Uallas was waiting for him, leaning against the door frame with a cool, uneven smile on his face. He slapped the boy's shoulder as Penance walked past him, and he motioned to the kitchen table:
"You're nearly exhaling icicles, aren't you?" He teased. "Come one over to the table and have yourself something hot."
That perked Penance's dour mood right up; the boy instantly had visions of a few fingers of scotch burning down his throat, and the vapors training out his nostrils like a warm and comforting breeze. But when he got to the table he found that the man was speaking quite literally: he had tea prepared for them, and Penance's glass was already waiting for him, steaming in the cold air like foam off a waterfall.
The boy's grin fell and he cocked his brow.
"Whatever," he muttered to himself. 'Hot' was hot, after all.
The pair sat in silence for a time, sipping their respective teas. Uallas only stared down at his cup, not looking Penance in the eyes, and when he finally spoke his voice was a dreary whisper:
"Penance..." he mumbled.
The boy looked up at him, eyes blinking.
"Yes?"
Uallas stared at the boy for nearly ten seconds. That sounds like a short amount of time, but sitting at a quiet table, staring at each other, that time was an eternity. And in that eternity Penance saw something twisting at the man, straining the corners of his mouth and nearly exploding from his very skin. The man opened his mouth to speak, but then closed it again.
"H- how's your tea?"
The boy smiled good-naturedly and ran his finger along the rim of the cup:
"It's good!" He said. "Really good, in fact. Y'know, it's got a neat little taste at the end, like black truffles, or something. A little rot, too, y'know... like..."

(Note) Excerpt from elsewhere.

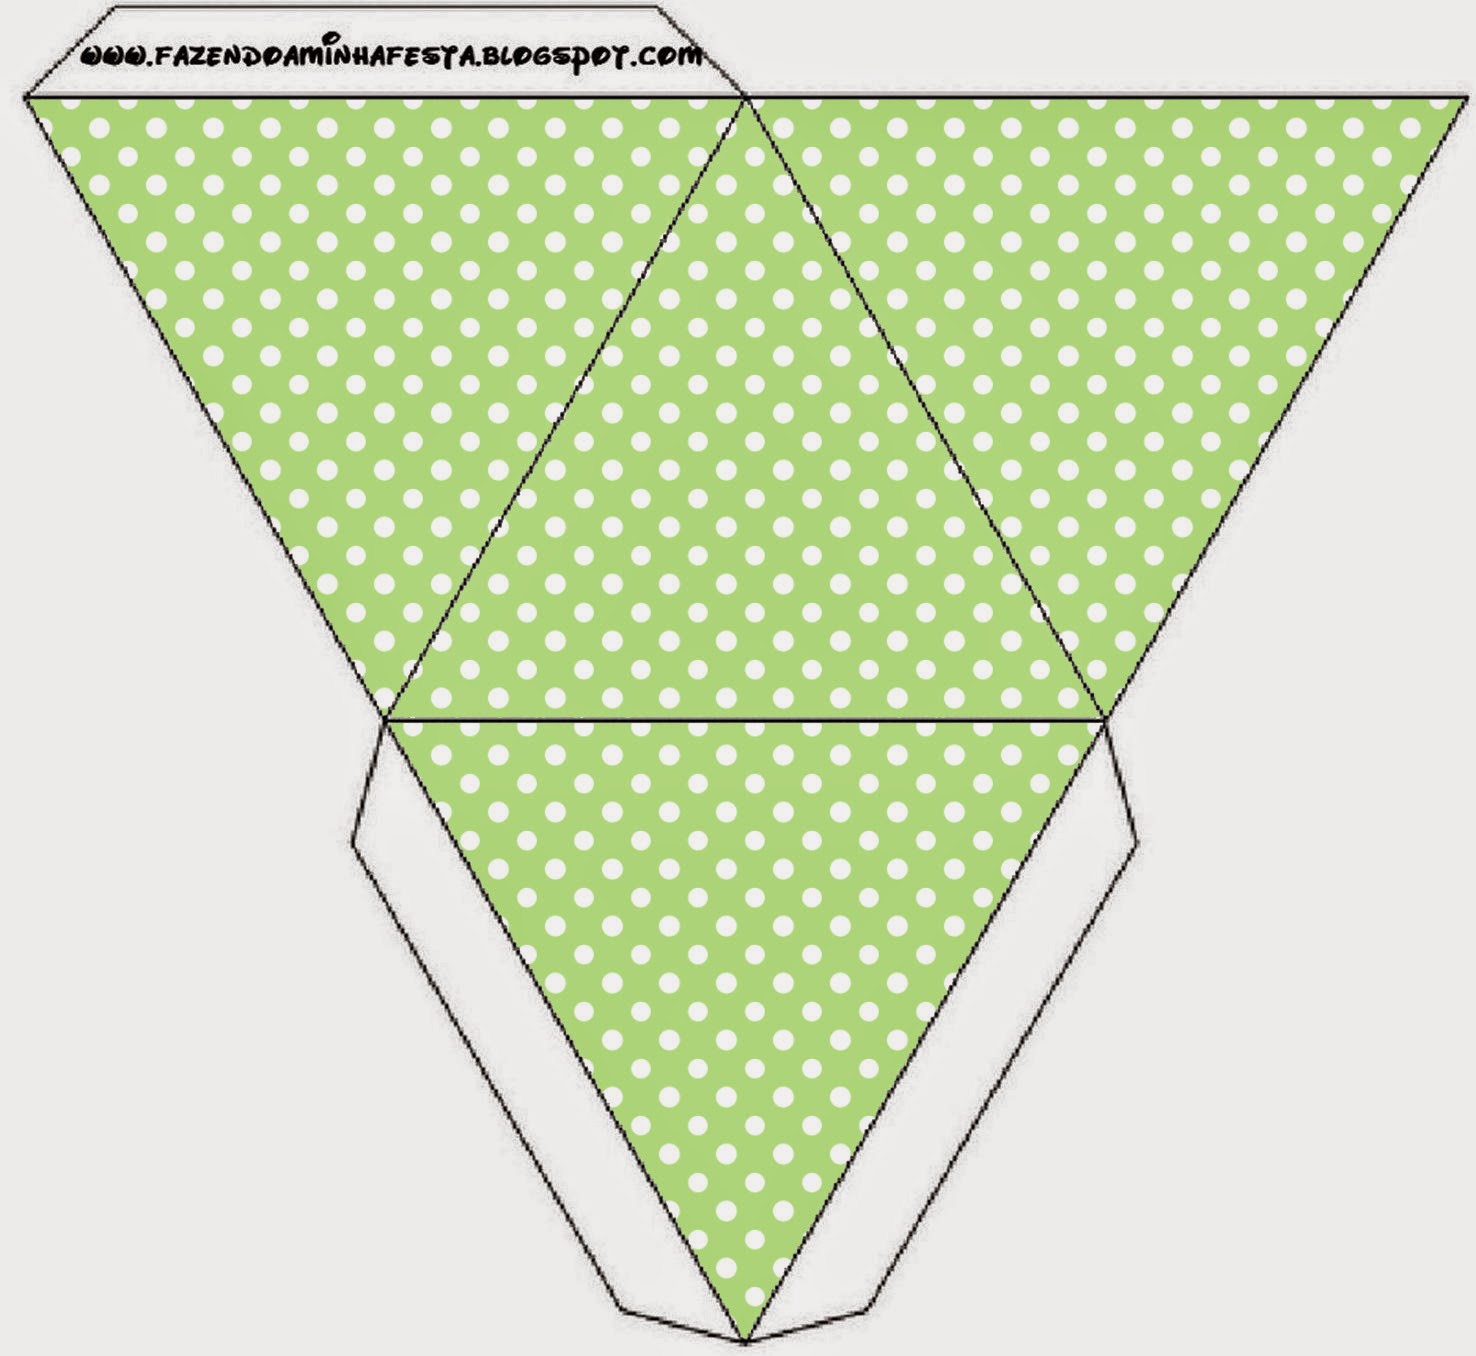 Caja con forma de pirámide de Verde y Celeste.

Penance blinked. He realized that his head was slowly bowing forward as he spoke, and so he raised it up. But then it went too far back, nearly hitting the back of his chair. It felt like his head weighed a ton.
Then he felt a dry, sticky prickliness in his mouth. His tongue burned.
And then his breathing slowed.
The boy looked over at Uallas in confusion, blinking erratically, gurgling as spit formed on the corners of his lips. Uallas merely sat in place, hands clasped before his chin, his eyes empty and cold:
"I'm... sorry..." he muttered.
Penance fell to one side, banging his head on the table. He landed in a heap on the floor, disoriented, his chest heaving as he struggled to take another breath. Uallas stood over the boy, arms crossed:
"I truly am," he whispered.
Penance's muscles failed him. Within another few seconds his heart gave out on him, and his vision faded.